Linear Regression - Linear and Non-Linear Model using Master Card Stock Data

Master Card Stock Data Performance and linear regression

Problem Statement: Mastercard's stock price fluctuates due to various market forces, including macroeconomic indicators, investor sentiment, and company performance metrics. Understanding these movements is crucial for investors and analysts aiming to make informed decisions.

This study seeks to explore and compare linear regression and non-linear regression techniques in analyzing Mastercard's stock trends. Without fitting a model, the focus will be on assessing whether a linear relationship sufficiently explains stock price variations or whether a non-linear approach offers a more precise representation of underlying patterns.

Step 1 : Import the required libraries

import numpy as np
import pandas as pd
import matplotlib.pyplot as plt
import seaborn as sns

Step 2 : Read the dataset and perform Exploratory Data Analysis

df_mastercard = pd.read_csv('/Users/Mastercard_stock_dividends.csv')
df_mastercard_new = pd.DataFrame([df_mastercard.Dividends])
df_mastercard_new.head()
df_mastercard_new.T

Step 3 : Assumption of Slope and Intercept Value based on the market index

my_slope = 0.10
my_intercept = 0.5

Step 4 : Calculate the trend or average output of the above dataframe:

df_mastercard_new.head()
df_mastercard_new = df_mastercard_new.T
df_mastercard_new['trend'] = my_slope + my_intercept * df_mastercard_new

Step 5 : Visualize the data and regression line

sns.set_style('whitegrid')
sns.relplot(data=df_mastercard_new, x = 'Dividends', y = 'trend', kind='line')
plt.show()
fig, ax = plt.subplots()

ax.plot(df_mastercard_new.Dividends, df_mastercard_new.trend, color = 'r')
ax.set_xlabel('Dividend')
ax.set_ylabel('Stocks')
plt.show()

Step 6 : Perform Sigma Rule 1 and 2 Rule

my_sigma = 0.152
df_mastercard_new['lwr_obs_68'] = df_mastercard_new.trend - my_sigma
df_mastercard_new['upr_obs_68'] = df_mastercard_new.trend + my_sigma
 
df_mastercard_new['lwr_obs_95'] = df_mastercard_new.trend - 2 * my_sigma
df_mastercard_new['upr_obs_95'] = df_mastercard_new.trend + 2 * my_sigma

Step 7 : Visualize the data and see the uncertainty level of variation from the dataset

fig, ax = plt.subplots()

### True Trend 
ax.plot(df_mastercard_new.Dividends, df_mastercard_new.trend, color = 'crimson', linewidth = 1.5)
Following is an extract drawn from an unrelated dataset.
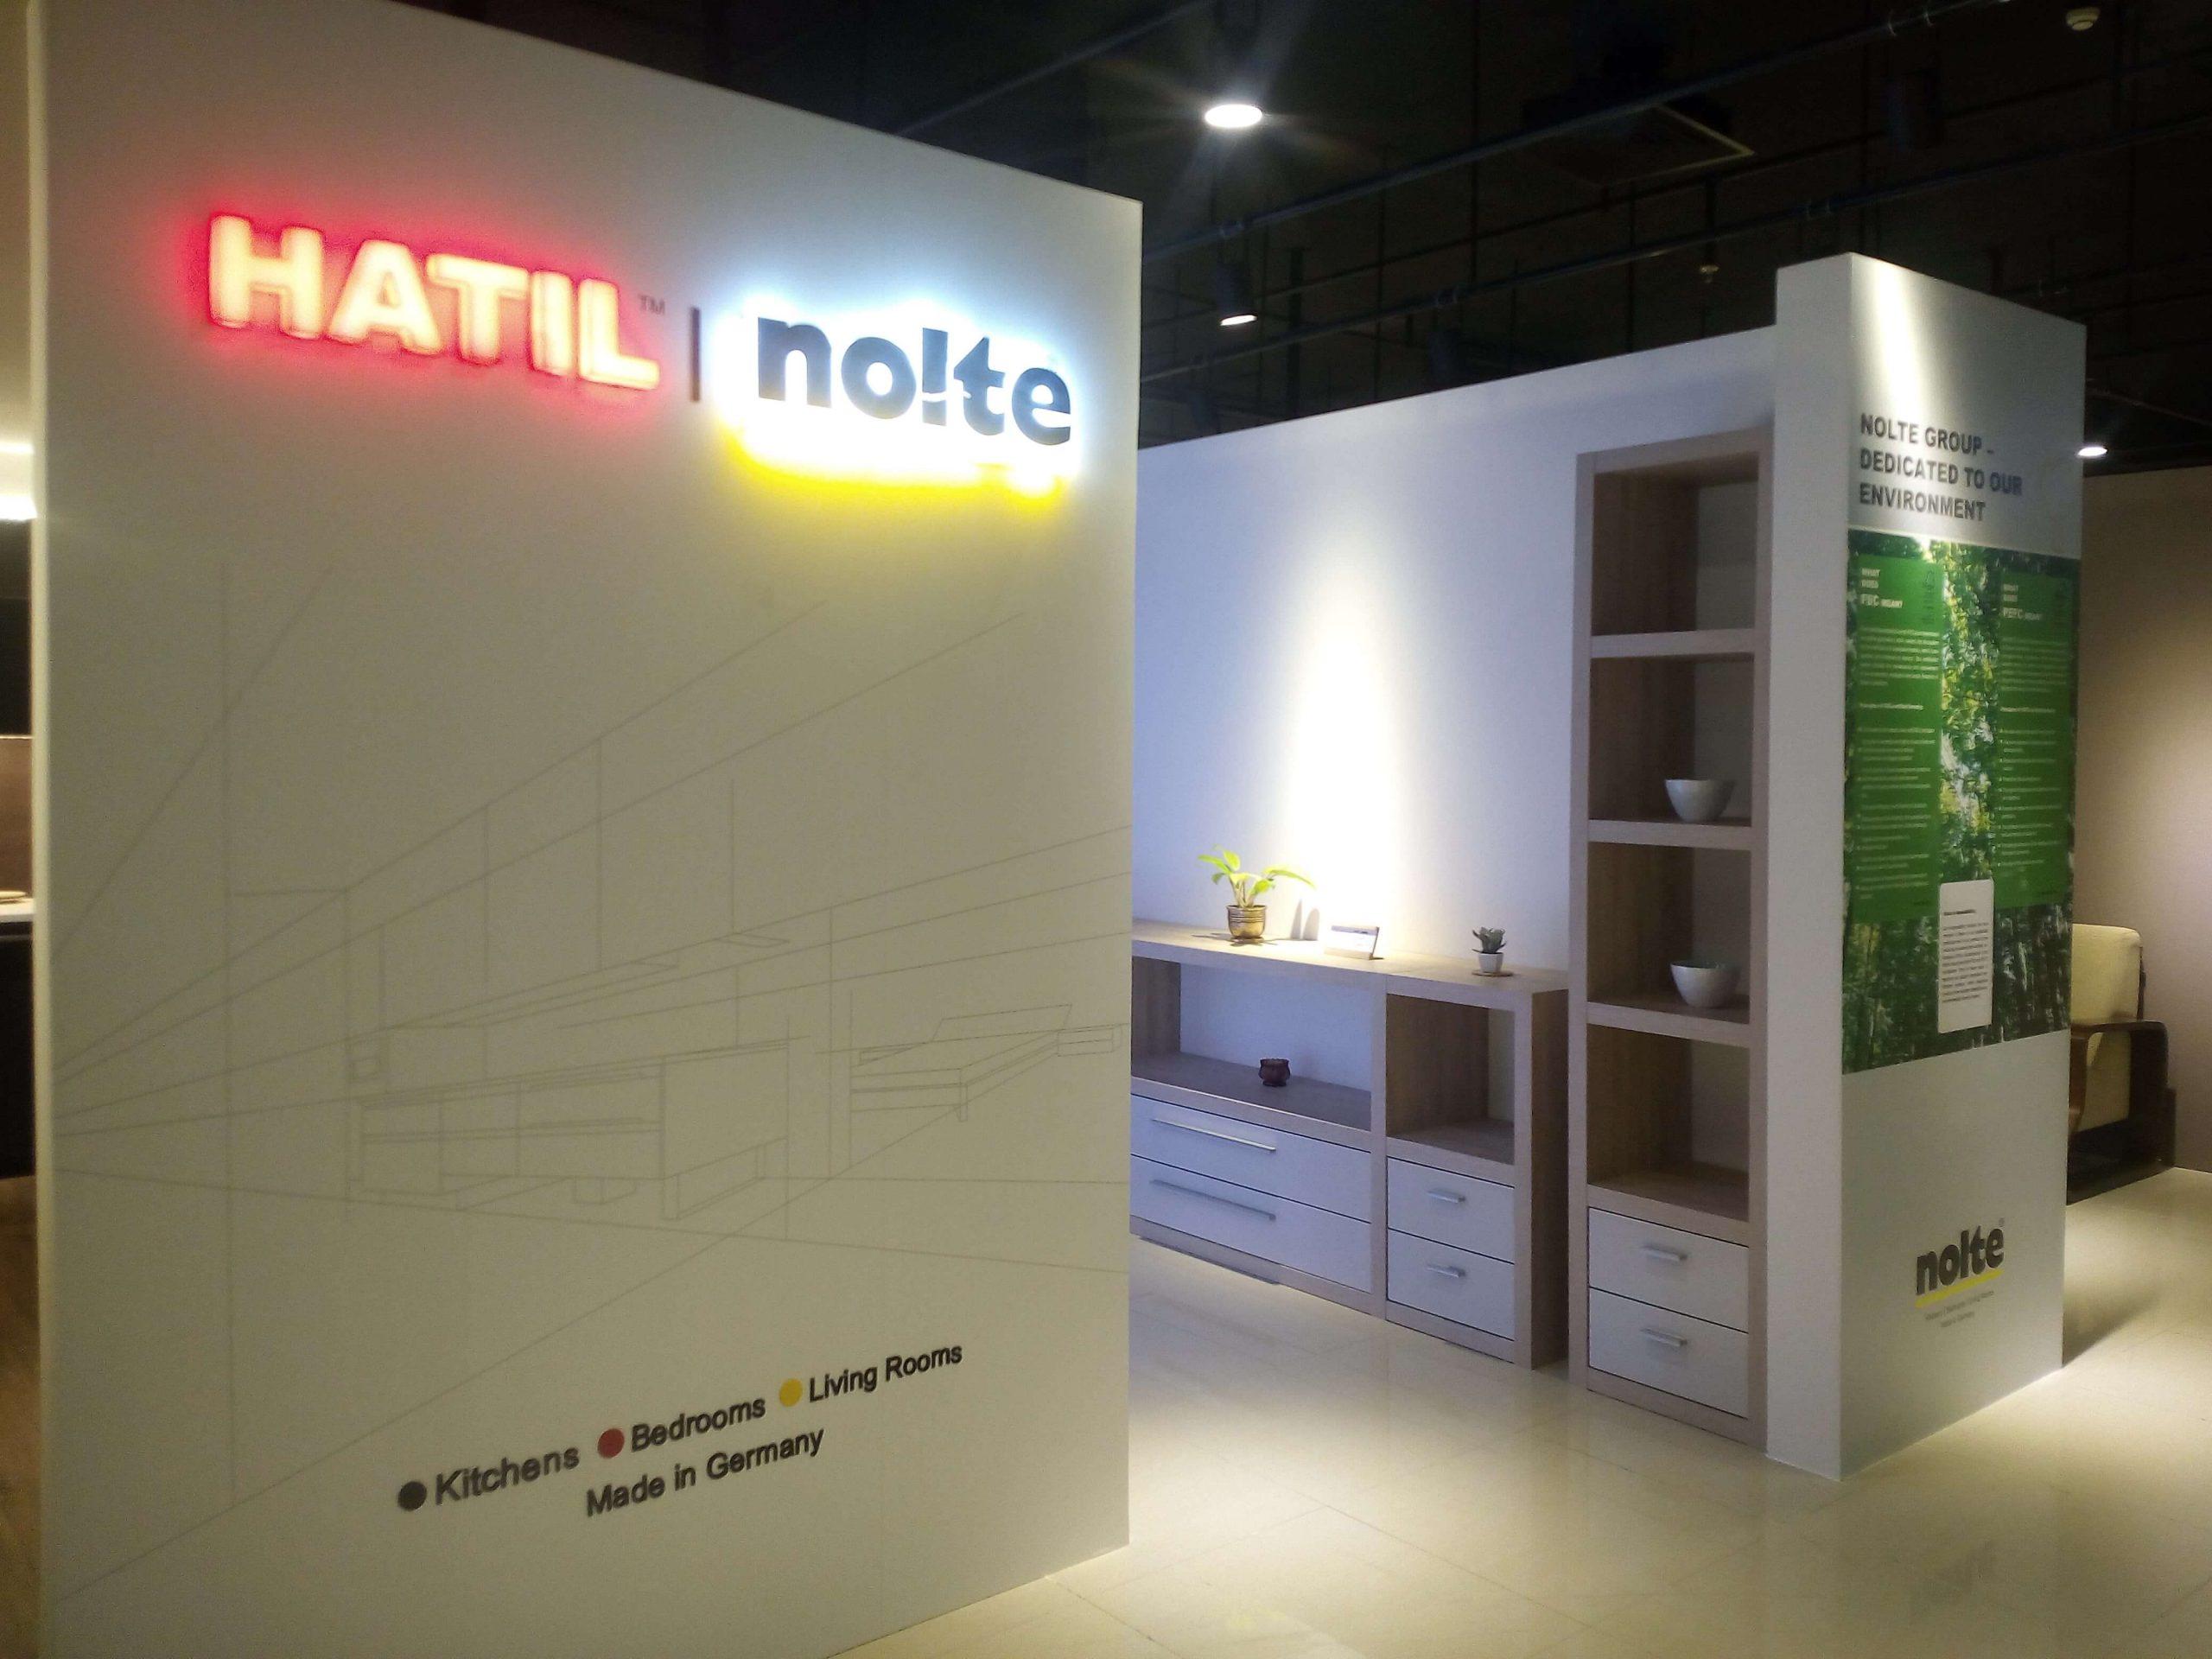 DTC-Portfolio-Retail-Store-HATIL-Nolte-12

### Variation around the trend line using 2 sigma interval 
ax.fill_between(df_mastercard_new.Dividends, df_mastercard_new.lwr_obs_95, df_mastercard_new.upr_obs_95, facecolor = 'crimson', alpha = 0.35)
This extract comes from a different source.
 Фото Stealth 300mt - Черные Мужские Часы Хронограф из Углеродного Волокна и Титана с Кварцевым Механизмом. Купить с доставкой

### Variation around the trend line using 1 sigma interval 
ax.fill_between(df_mastercard_new.Dividends, df_mastercard_new.lwr_obs_68, df_mastercard_new.upr_obs_95,facecolor = 'crimson', alpha = 0.35)

### Set Labels
ax.set_xlabel('Dividend Value')
ax.set_ylabel('Stocks')

### Show the Plot 
plt.show()

Reviewing the non linear relationship, here the trend is linearly related with an unknown intercept and slope

Repeat the same steps like linear (except the formula)  
my_intercept = 0.25
my_slope = -2.25
df_mastercard_new = pd.DataFrame({'x':np.linspace(-3.14159, +3.14159, num=101)})
df_mastercard_new['trend'] = my_intercept + my_slope * df_mastercard_new.x
df_mastercard_new['y'] = rg.normal(loc=df_mastercard_new.trend, scale=my_sigma, size = df_mastercard_new.shape[0])
df_mastercard_new['trend'] = my_intercept + my_slope * np.sin(df_mastercard_new.x)
sns.set_style('whitegrid')
fig, ax = plt.subplots()

ax.plot(df_mastercard_new.x, df_mastercard_new.trend, color = 'crimson',linewidth = 1.5)
ax.set_xlabel('x')
ax.set_ylabel('Trend')
plt.show()
sns.relplot(data=df_mastercard_new, x = 'x', y= 'trend')
plt.show()

Use Case : Considering Sigma Value as 0.55, this gives the uncertainty around the trend line and dividend details

my_sigma = 0.55
df_mastercard_new['obs_lwr_68'] = df_mastercard_new.trend - my_sigma
df_mastercard_new['obs_upr_68'] = df_mastercard_new.trend + my_sigma
df_mastercard_new['obs_lwr_95'] = df_mastercard_new.trend - 2* my_sigma
df_mastercard_new['obs_upr_95'] = df_mastercard_new.trend + 2* my_sigma 
df_mastercard_new
fig, ax = plt.subplots()

### True Trend 
ax.plot(df_mastercard_new.x, df_mastercard_new.trend, color = 'crimson', linewidth = 1.5)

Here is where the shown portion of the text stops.